You could cleanup things automatically when you are absolutely sure that the orchestrator and all OSS/BSS are in sync. But you could also ask yourself why people abort workflows and review the procedures that people follow and minimise the reasons for people to abort workflows.

acidjunk commented 2 years ago

I'm not sure about the phrase: "workflows which were aborted during the CREATE process" and stale workflows is that a workflow that failed to start: e.g. has the state RUNNING but doesn't do anything because the threadpool wasn't running or some other error that caused a Workflow to not actually start?

I think the answer by Hans describes the general process philosophy, but occasionally you could run into problems that are caused by stale workflows: when the threadpool is killed with a -9 for example, whilst executing WF's. (that's why the GUI has a Pause Engine feature)

These can often be resolved by aborting + delete: of course this depends on which step it was executing. I think the solution you used (forcing a subscription to in-sync) is ok; for that kind of scenario. We discussed having a button for that in the GUI but it was deemed too dangerous: as users would probably click on it without looking at the process state first.

gstewart86 commented 2 years ago

I think I muddied the waters by providing too much context around the circumstances in which the parent subscription was terminated.
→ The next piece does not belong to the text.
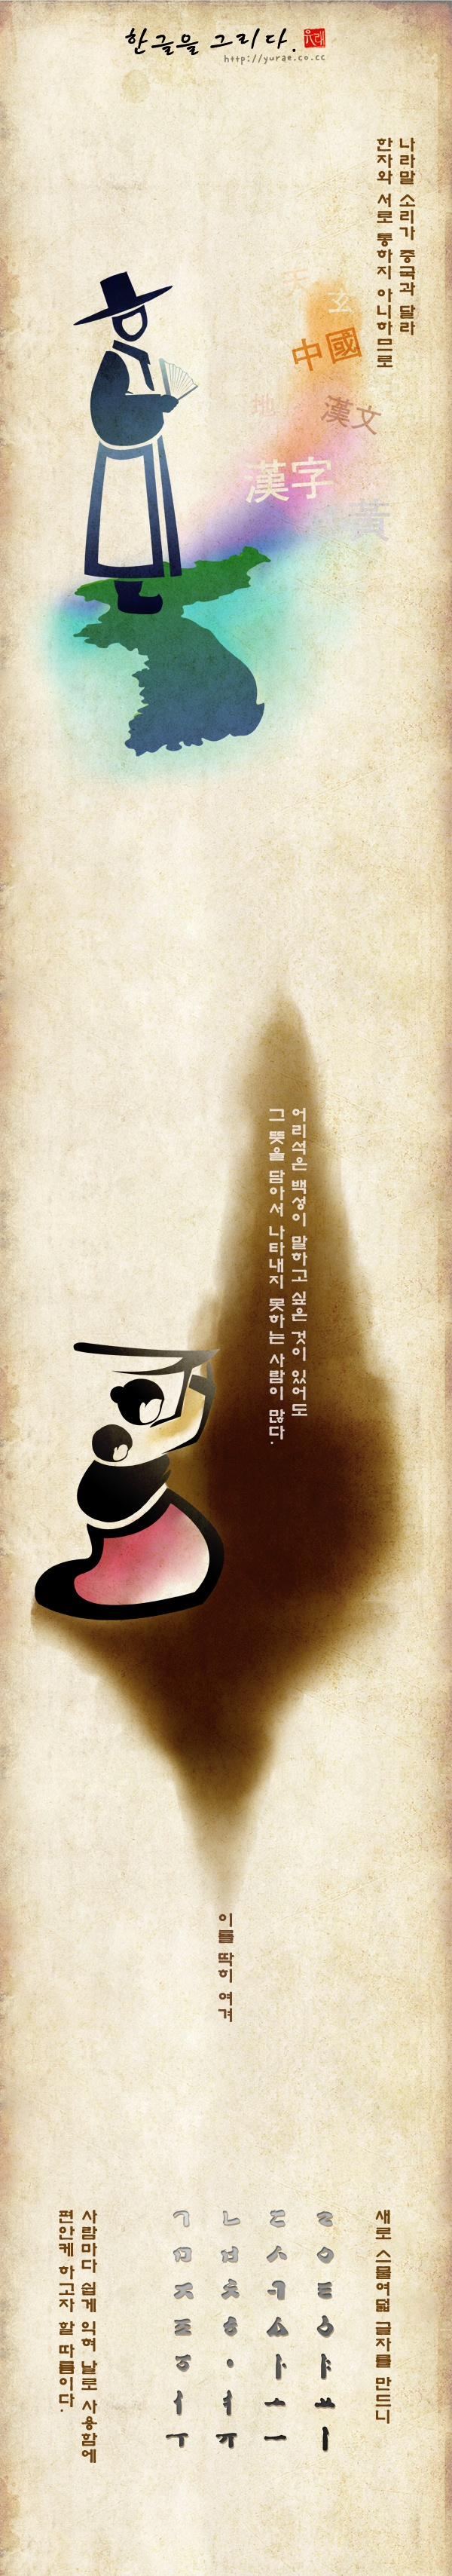 A Beatiful Hangul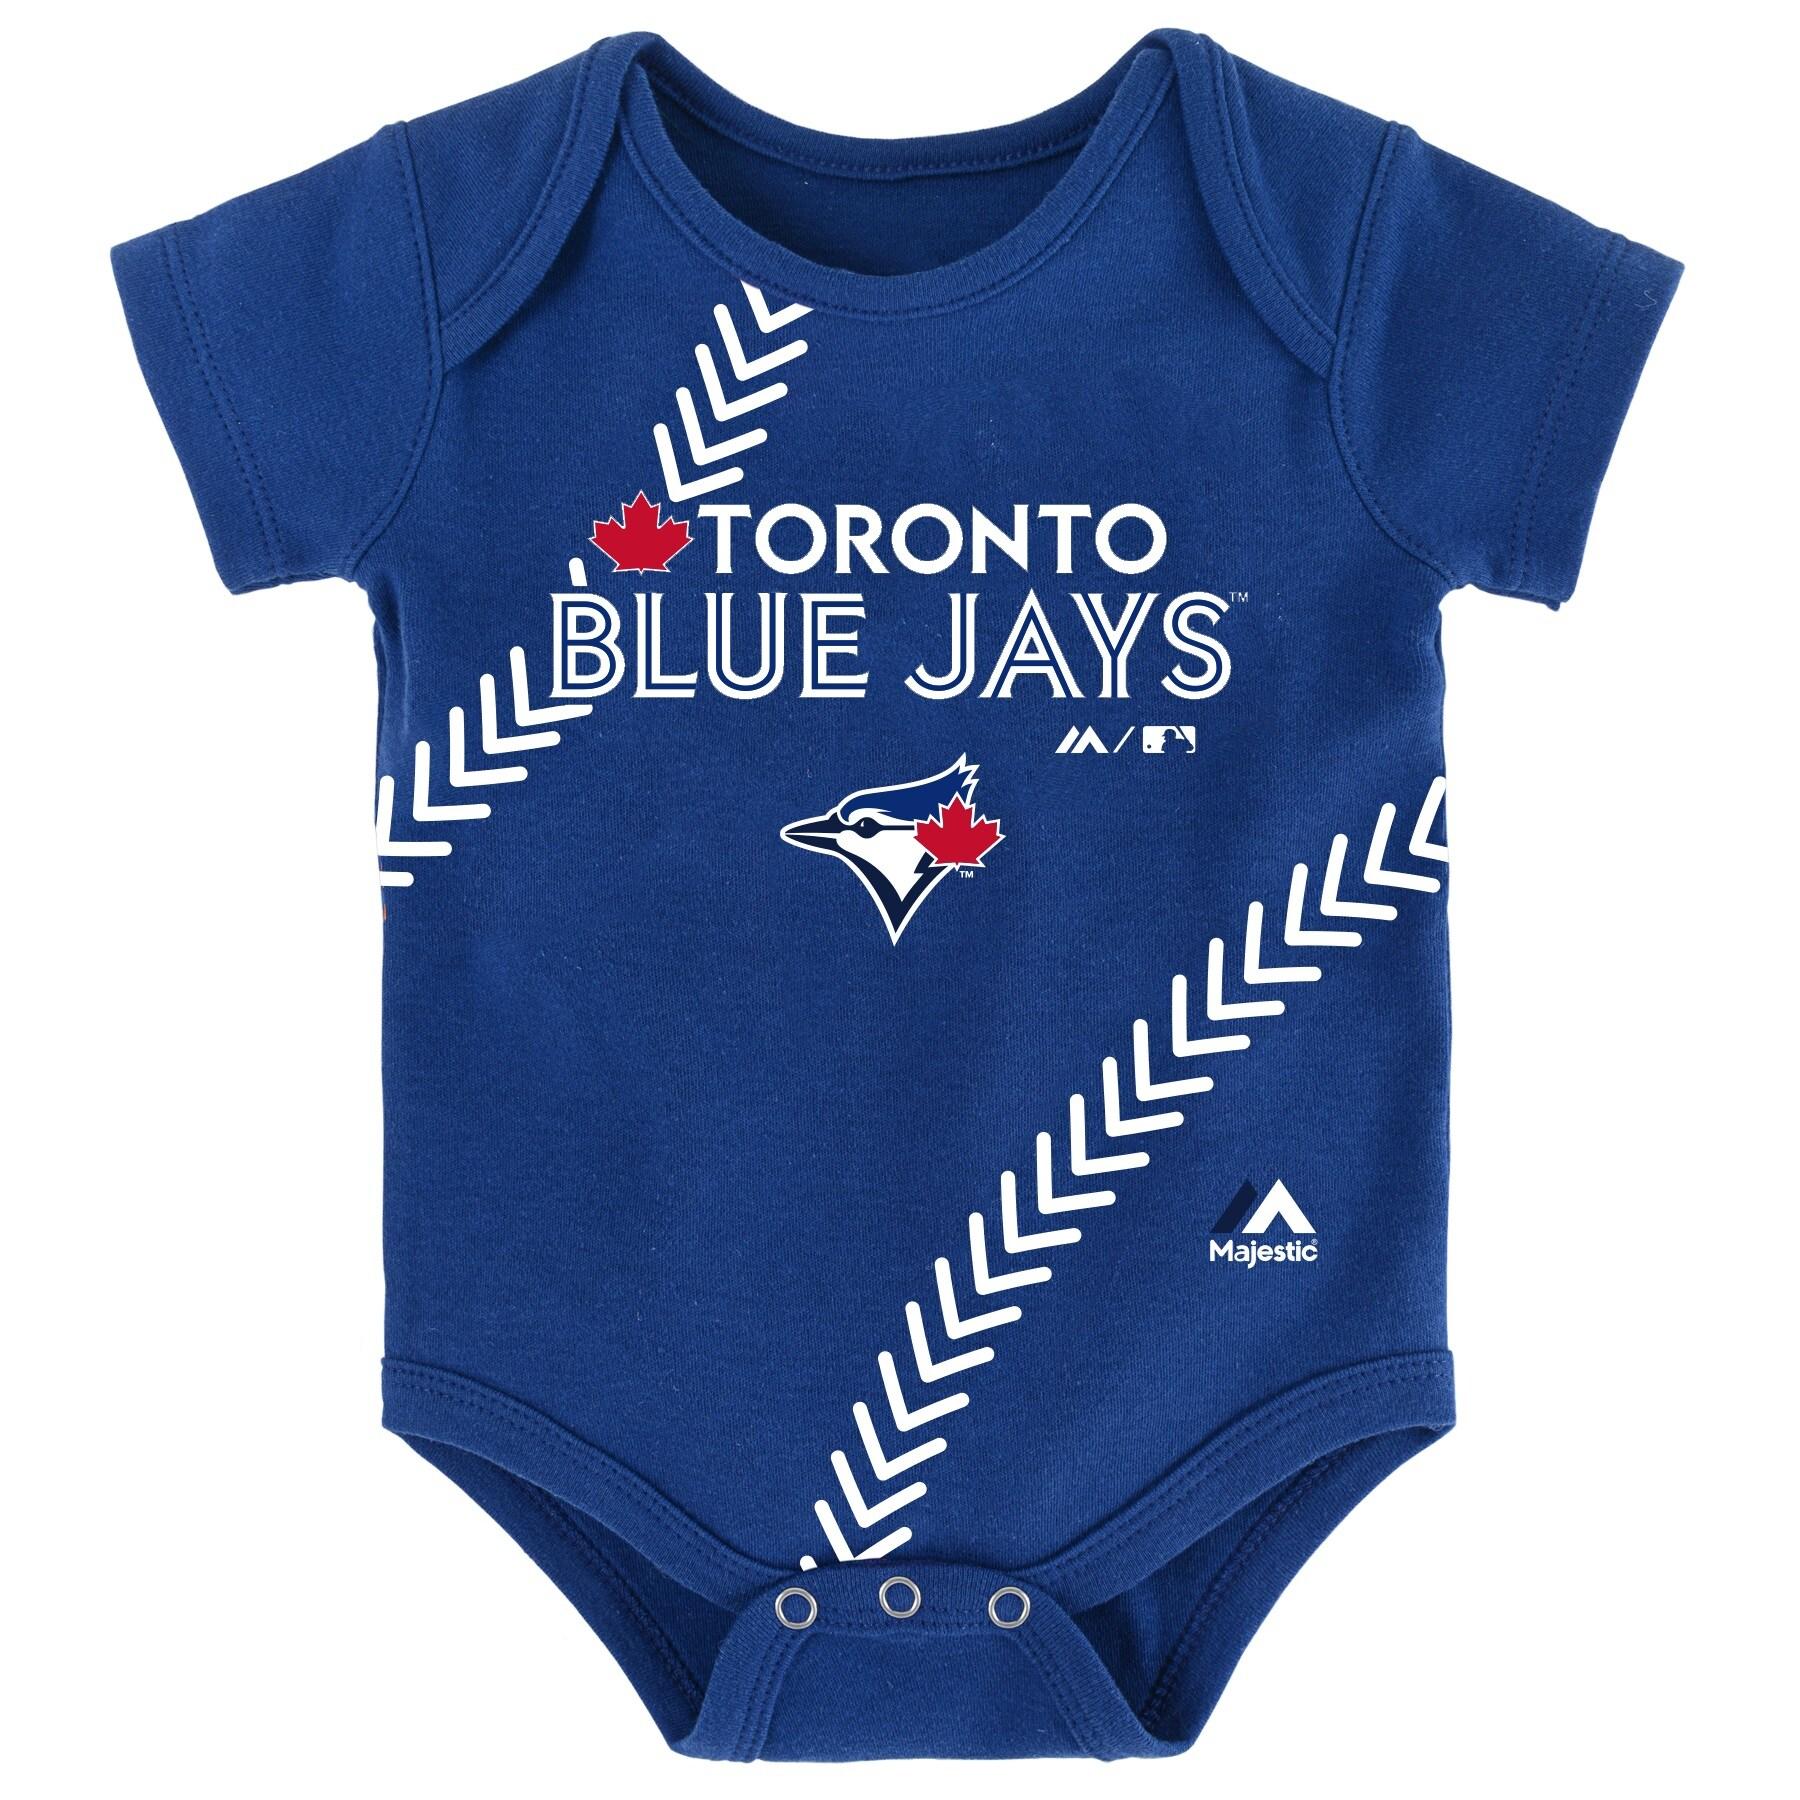 Toronto Blue Jays Majestic Newborn & Infant Fan-Atic Baseball Bodysuit - Royal

Given a subscription tree:

node
│
└► service edge
       │
       └► layer 3
            │
            └► prefix list

I was surprised that the status of a child subscription (prefix list) was able to affect the status of a parent subscription (layer 3). It seemed to me that a child subscription would certainly be affected by the status of the parent, but not the other way around.

In any case, we haven't seen this in production since, so I'll go ahead and resolve the issue unless we see it again.

Thanks for weighing in with all the info, regardless!